In 1933 Wiener was elected to the National Academy of Science but soon resigned, repelled by some of the aspects of institutionalized science he encountered in the Academy.

He was elected to the National Academy of Sciences in 1933, but resigned a decade later, giving as his primary reason his opposition to prizes, special honors, and exclusivity in science. In Ex-Prodigy he wrote:
. . . my early rejection by Phi Beta Kappa [while an undergraduate at tufts college] has strengthened me in a policy on the basis of which I have resigned from the National Academy of Sciences and have discouraged my friends in attempts to obtain for me similar honors elsewhere. . . . My reaction is essentially the same at the present day as it has been for nearly forty years—that academic honors are essentially bad, and that other things being equal, I choose to avoid them.
His reasons for resigning from the Academy are amplified in his letter of September 22, 1941, to Dr. Frank B. Jewett, then president of the Academy:

The academy operates in at least three distinct roles, and to my mind these roles are not compatible with one another. . . .
As to the third purpose of the Society—the conveying of honors—I have no sympathy at all. I have always regarded exclusiveness as an attribute chiefly of use in selling unwanted junk to parvenus. I do not wish to belong to any scientific organization which has more than one grade of membership.
. . .
As to medals, prizes, and the like, the less said of them the better. The heartbreak to the unsuccessful competitors is only equalled by the injury which their receipt can wreak on a weak or vain personality, or the irony of their reception by an aging scholar long after all good which they can do is gone. I say, justly or unjustly administered, they are an abomination, and should be abolished without exception.' With these convictions I can only resign from the National Academy of Sciences and rectify the error, committed under the well-meaning appeals of my friends, which I committed in accepting membership in it. . .•.

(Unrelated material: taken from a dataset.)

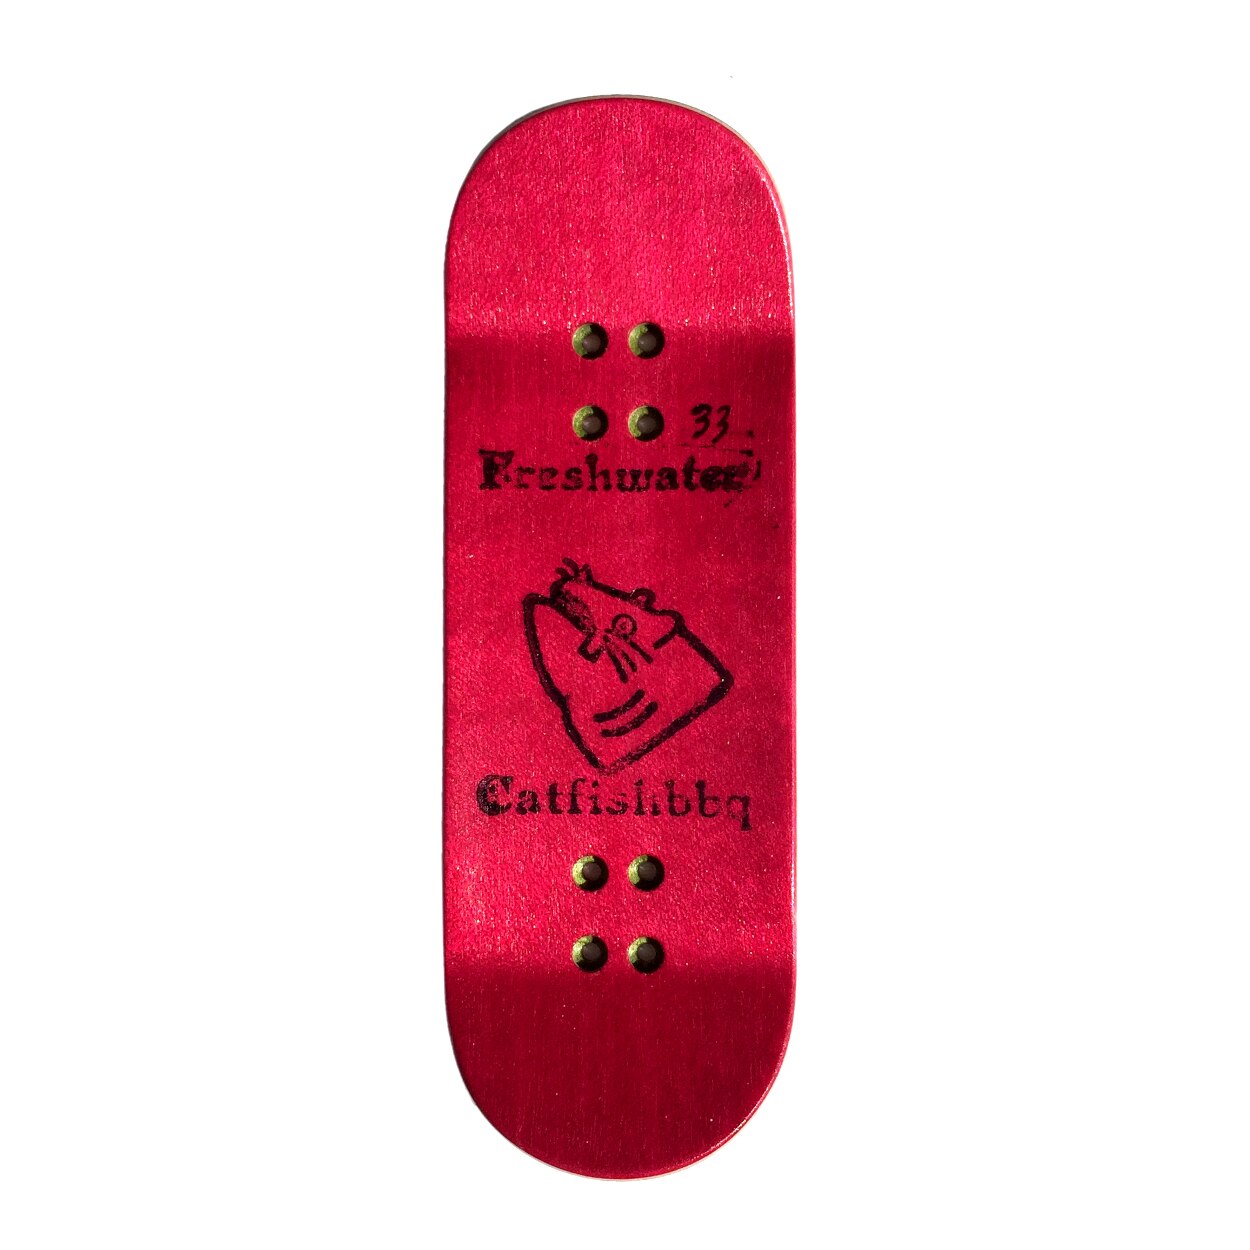 Catfishbbq X Cowply The Gang Fingerboard Deck (Freshwater) - Assorted

President Jewett's reply, dated September 24, is as follows:

While I still feel you are making a mistake and that you can render better service by staying inside the Academy and using your influence to make it conform more nearly to what you think it should be, I realize that you alone must judge your desires. I am sorry I have not been able to dig up a problem which would show you the value I see in a body like the Academy, even though it is not all I myself should like to have it. However, one cannot always produce white rabbits out of a hat on demand.
Whatever your final decision, believe me to be your friend.

On October 14, 1941, the Council of the Academy met and later telegraphed Wiener: "Resignation accepted with regret."